The US president ruled that families crossing the border will still be arrested and prosecuted, but they will be held together, rather than having the children taken away.
Signing the order, Mr Trump said: "I consider it to be a very important executive order. It's about keeping families together while at the same time being sure that we have a very powerful, very strong border, and border security will be equal if not greater than previously.
"So we're going to have strong, very strong borders, but we're going to keep the families together. I didn't like the sight or the feeling of families being separated."
He also asked the department of defence to assist with sheltering the families, given the current state of overcrowding.

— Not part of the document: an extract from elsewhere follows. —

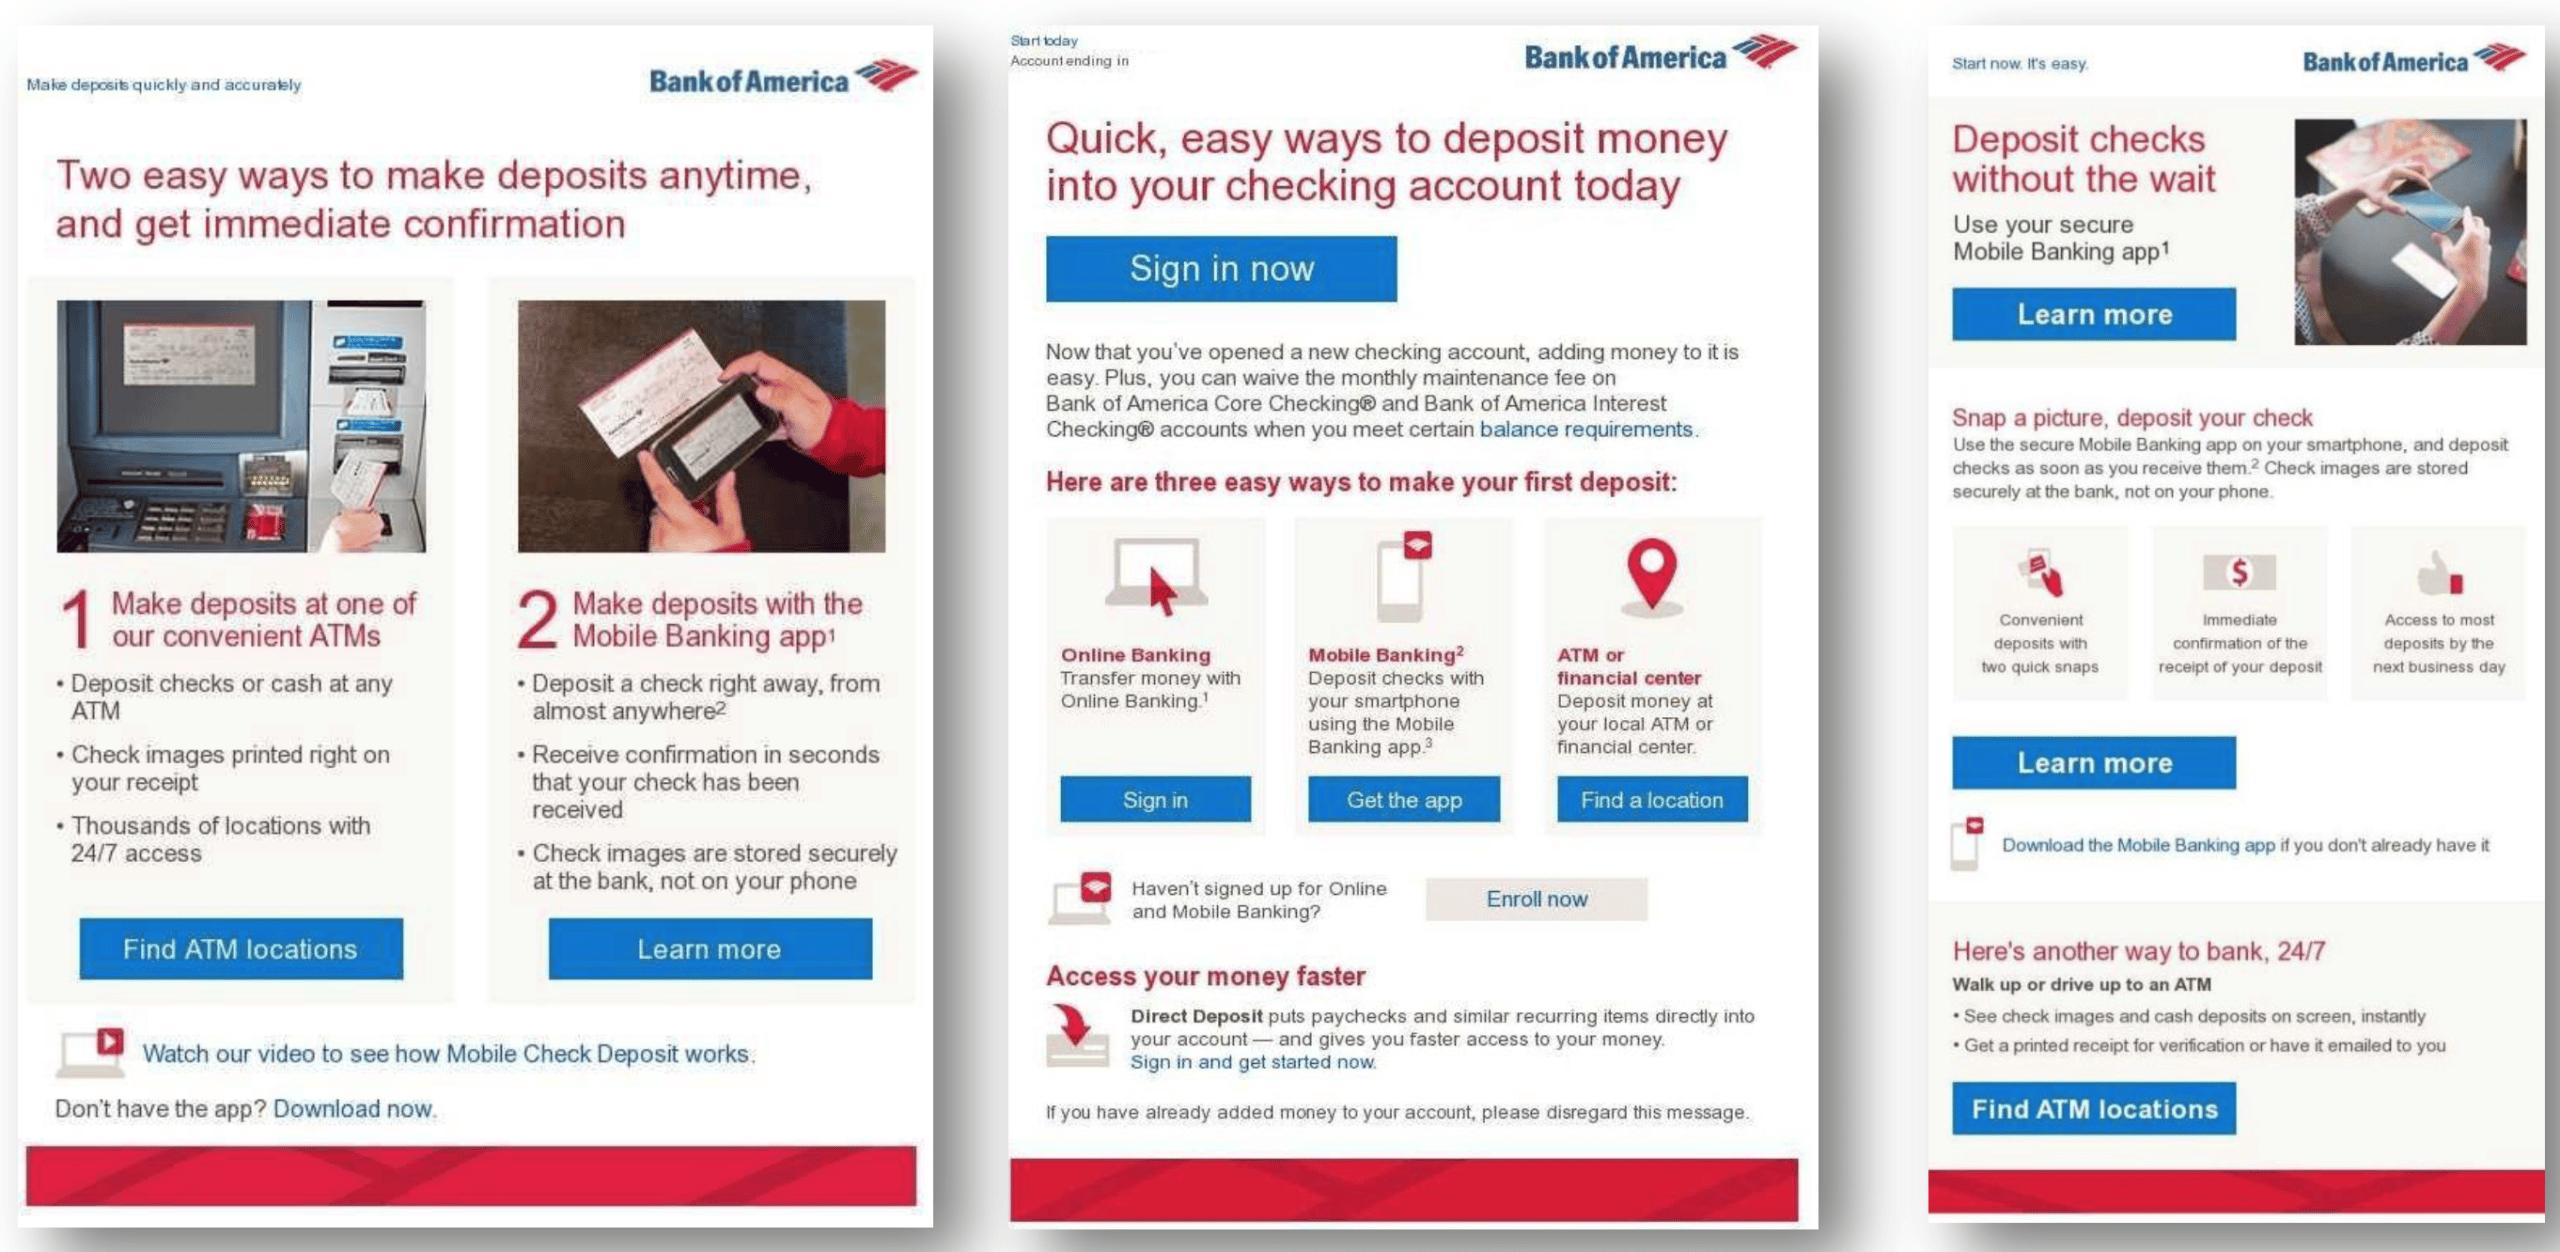 bank of america deposit alternatives email
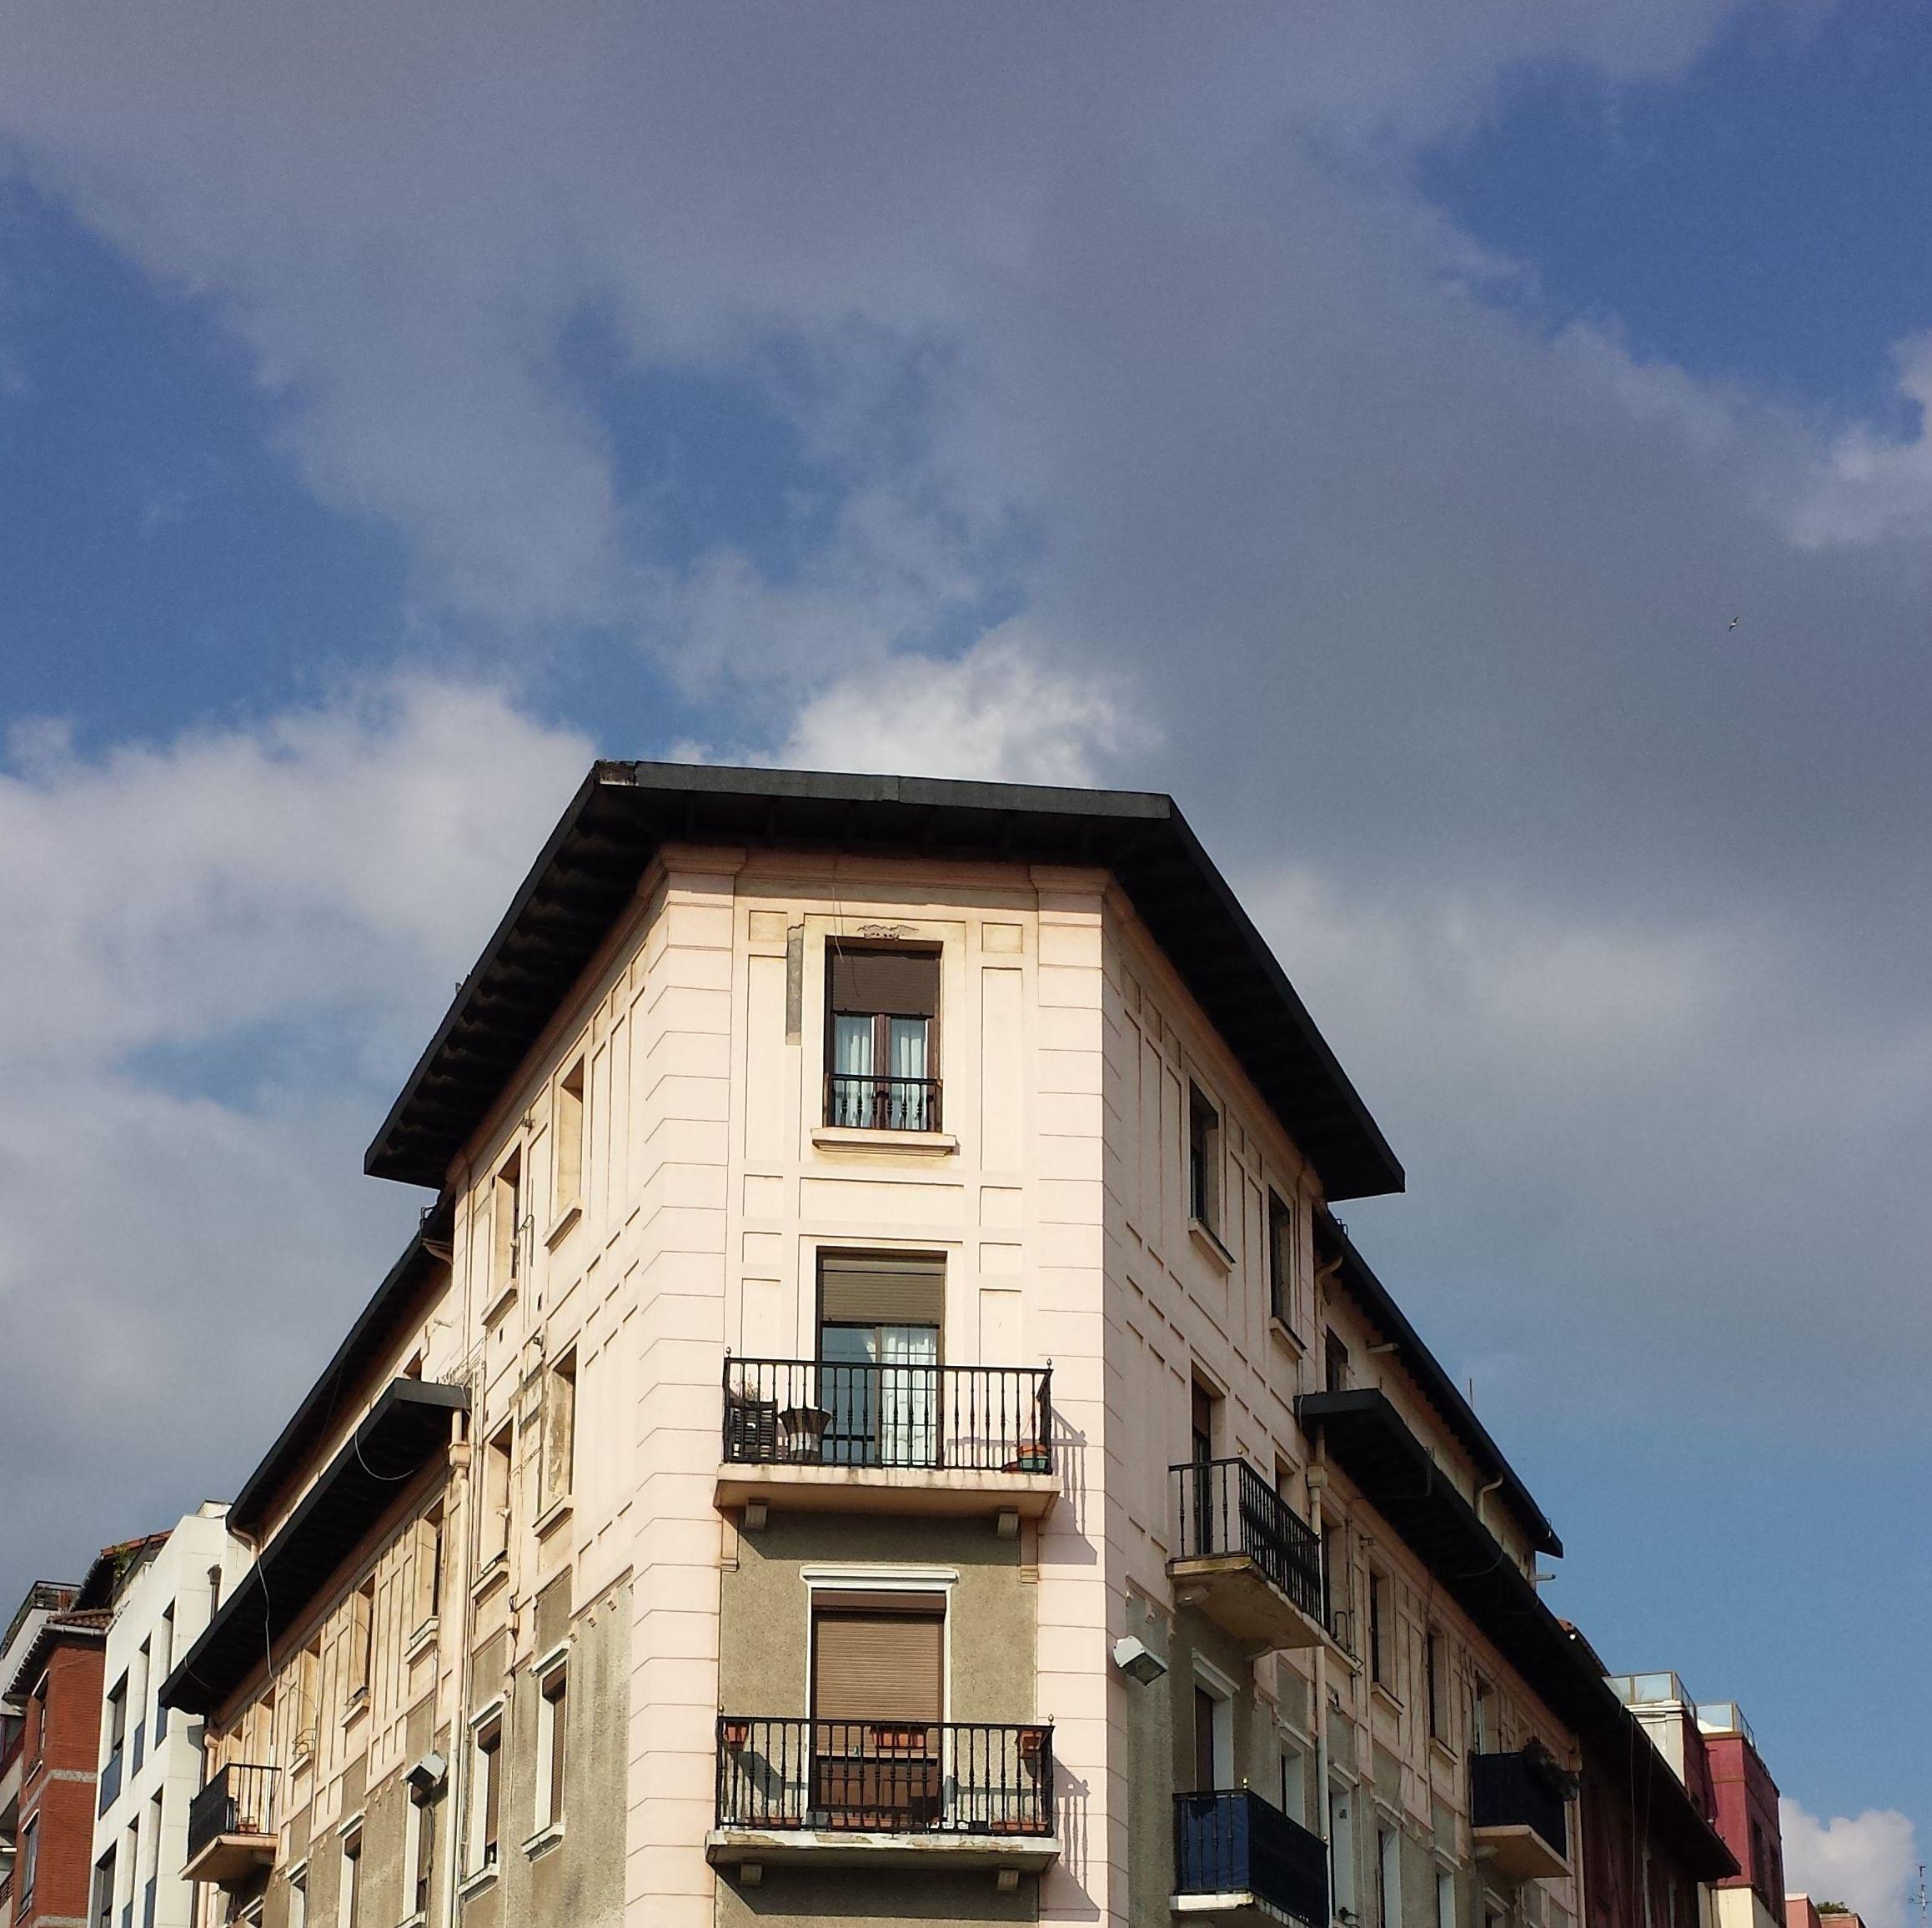 Ibaiondo 13 ROMO LAS ARENAS GETXO (fachada antes)

And he said that Congress must seek to modify the Flores agreement - a 1997 ruling that meant that children cannot be held for more than 20 days.
"When an alien enters or attempts to enter the country anywhere else, that alien has committed at least the crime of improper entry and is subject to a fine or imprisonment under section 1325(a) of title 8, United States Code," the executive order reads.
"This Administration will initiate proceedings to enforce this and other criminal provisions of the INA until and unless Congress directs otherwise.
"It is also the policy of this Administration to maintain family unity, including by detaining alien families together where appropriate and consistent with law and available resources."
Ivanka Trump, the president's daughter, who has been strongly criticised for her silence on the issue - while all five first ladies spoke out - tweeted: "Thank you @POTUS for taking critical action ending family separation at our border. Congress must now act + find a lasting solution that is consistent with our shared values;the same values that so many come here seeking as they endeavor to create a better life for their families."
The signing of the executive order seeks to lower the temperature on what has become a furious political debate.
"We want to keep families together," Mr Trump said, speaking early on Wednesday at the White House.
Mr Trump said that he hoped the executive order would happen in parallel with legislation passed by Congress. The US House of Representatives is due to consider a bill on the issue on Thursday.
Hosting a round table of Republican senators and representatives, Mr Trump staged a televised 24-minute discussion of the issue.
"The dilemma is that if you’re weak, as some people would like you to be, if you are really, really pathetically weak, the country will be overrun with millions of people," he said.
"If you are strong, you don’t have any heart. And that’s a tough dilemma. Perhaps I’d rather be strong."
Mr Trump stressed that it was a long-running problem, and that he wanted a permanent solution. He told his colleagues - 15 men and one woman - that they should "not feel guilty" about the scenes at the border, but urged them to work for an answer.
"We're having a lot of problems with Democrats that don't want to vote for anything," he said.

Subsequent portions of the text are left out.